| Problem to work on |
The required output is every line from the one containing "Cruises to Bratislava, Slovakia" through the last line of the listing below, copied exactly, pictures excluded.

| Stored data |
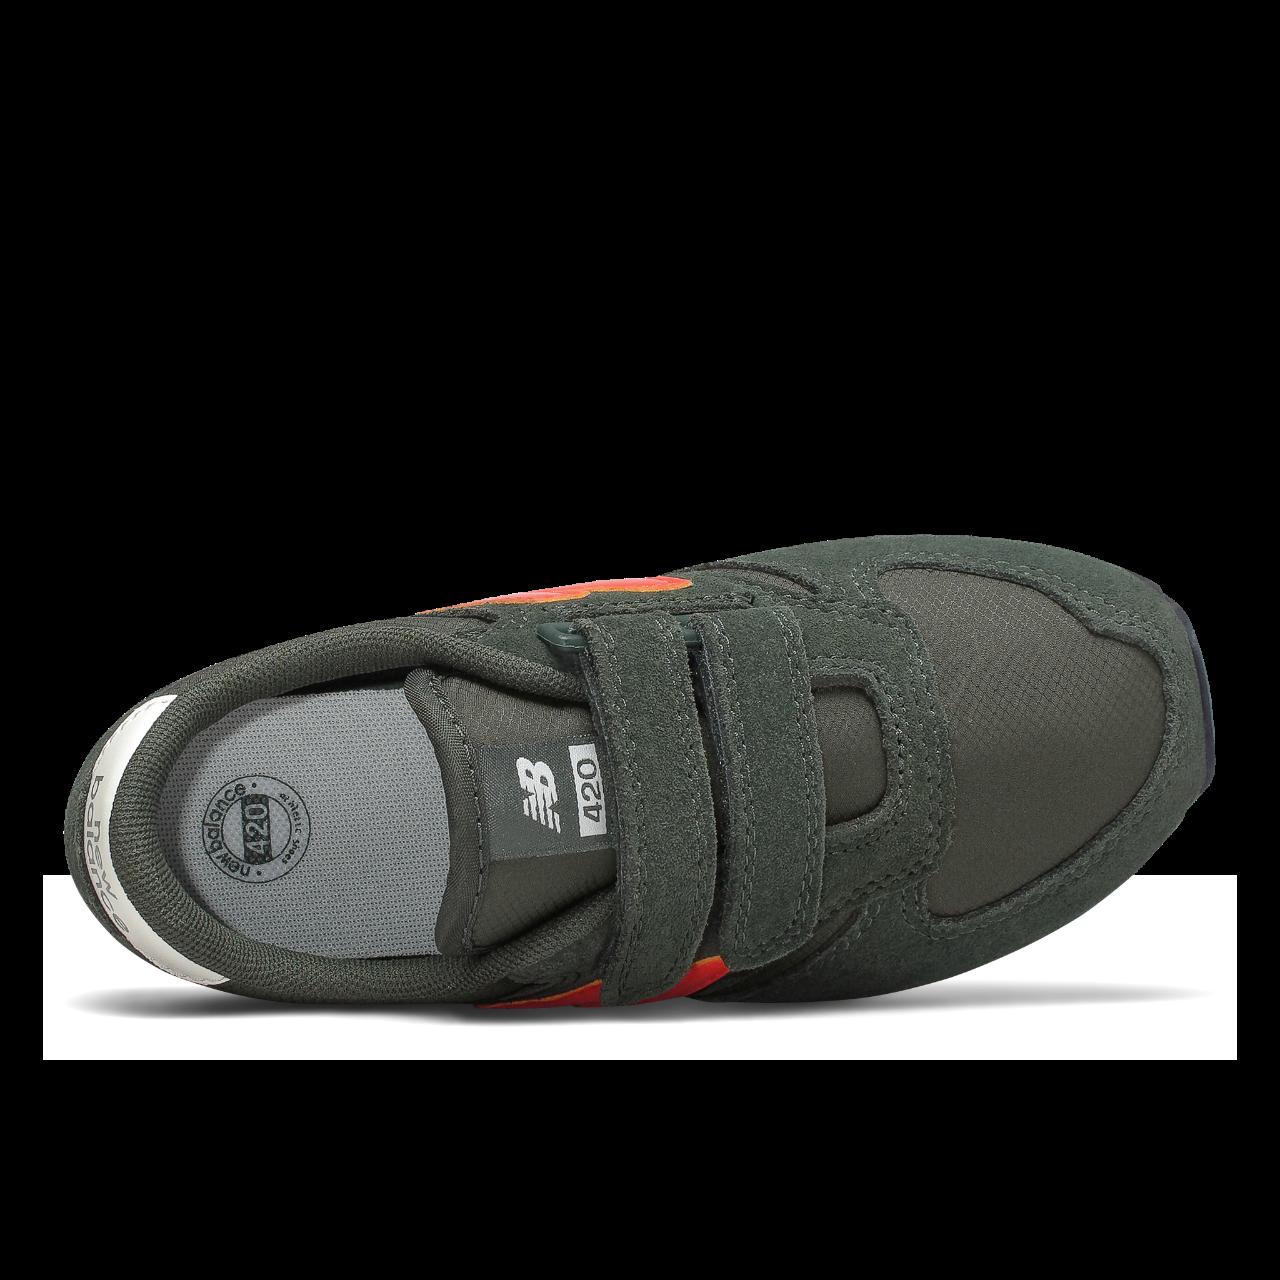 New Balance 420 sneakers, dark green, US 1.5
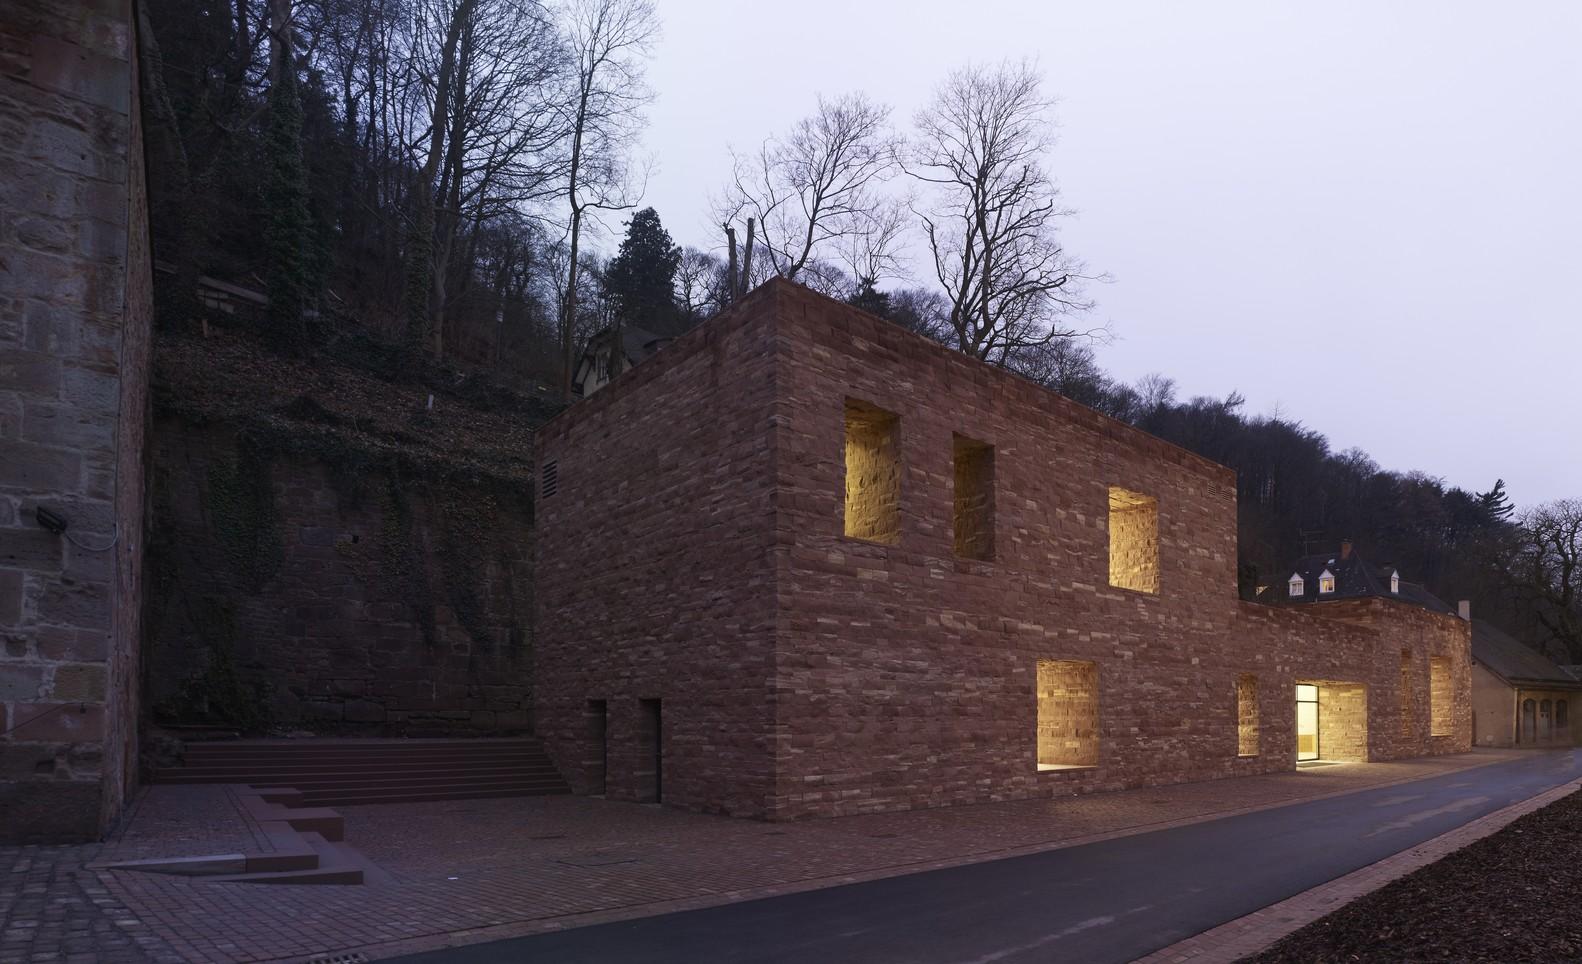 Architekt Heidelberg gallery of heidelberg castle max dudler architekt 4
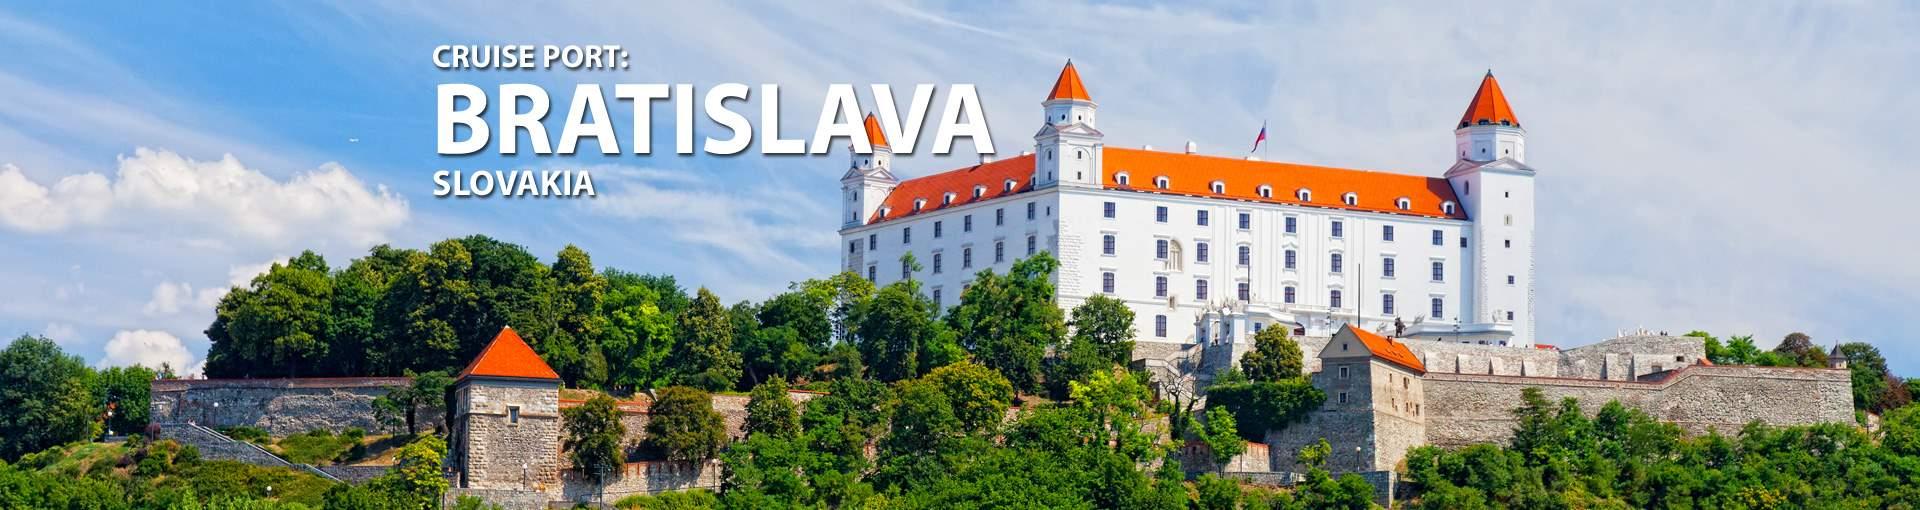 Cruises to Bratislava, Slovakia
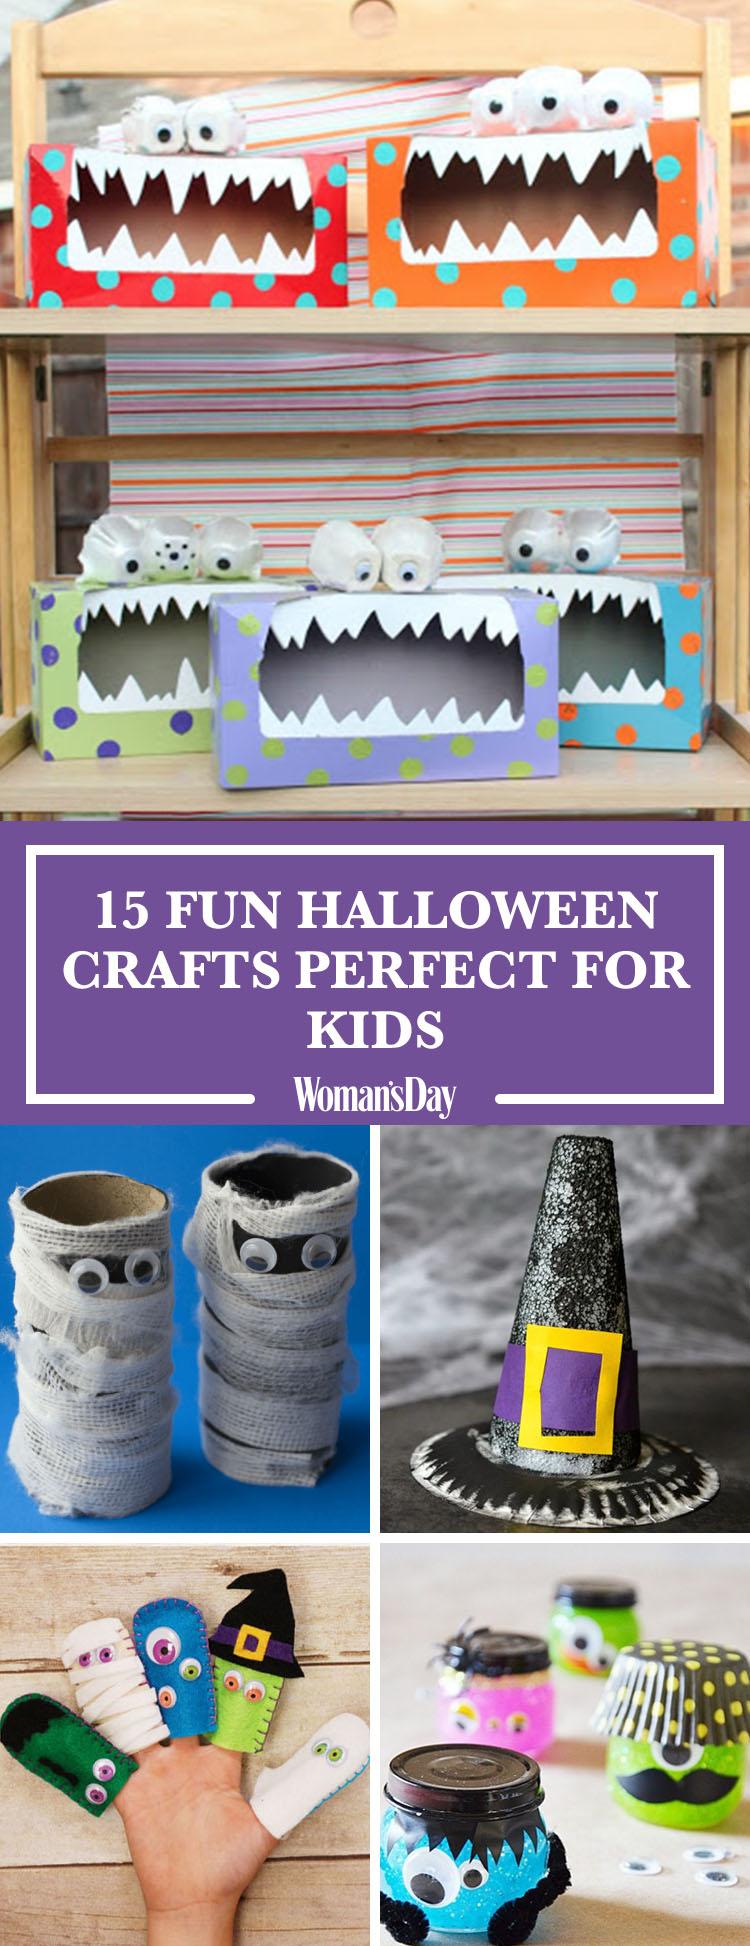 Best 25 Healthy Food For Children Ideas On Pinterest Auto Outside Ac Fan Motor Wiring N859bs 20 Easy Halloween Crafts Kids

| Response below |
 Cruises to Bratislava, Slovakia
 Best 25 Healthy Food For Children Ideas On Pinterest Auto Outside Ac Fan Motor Wiring N859bs 20 Easy Halloween Crafts Kids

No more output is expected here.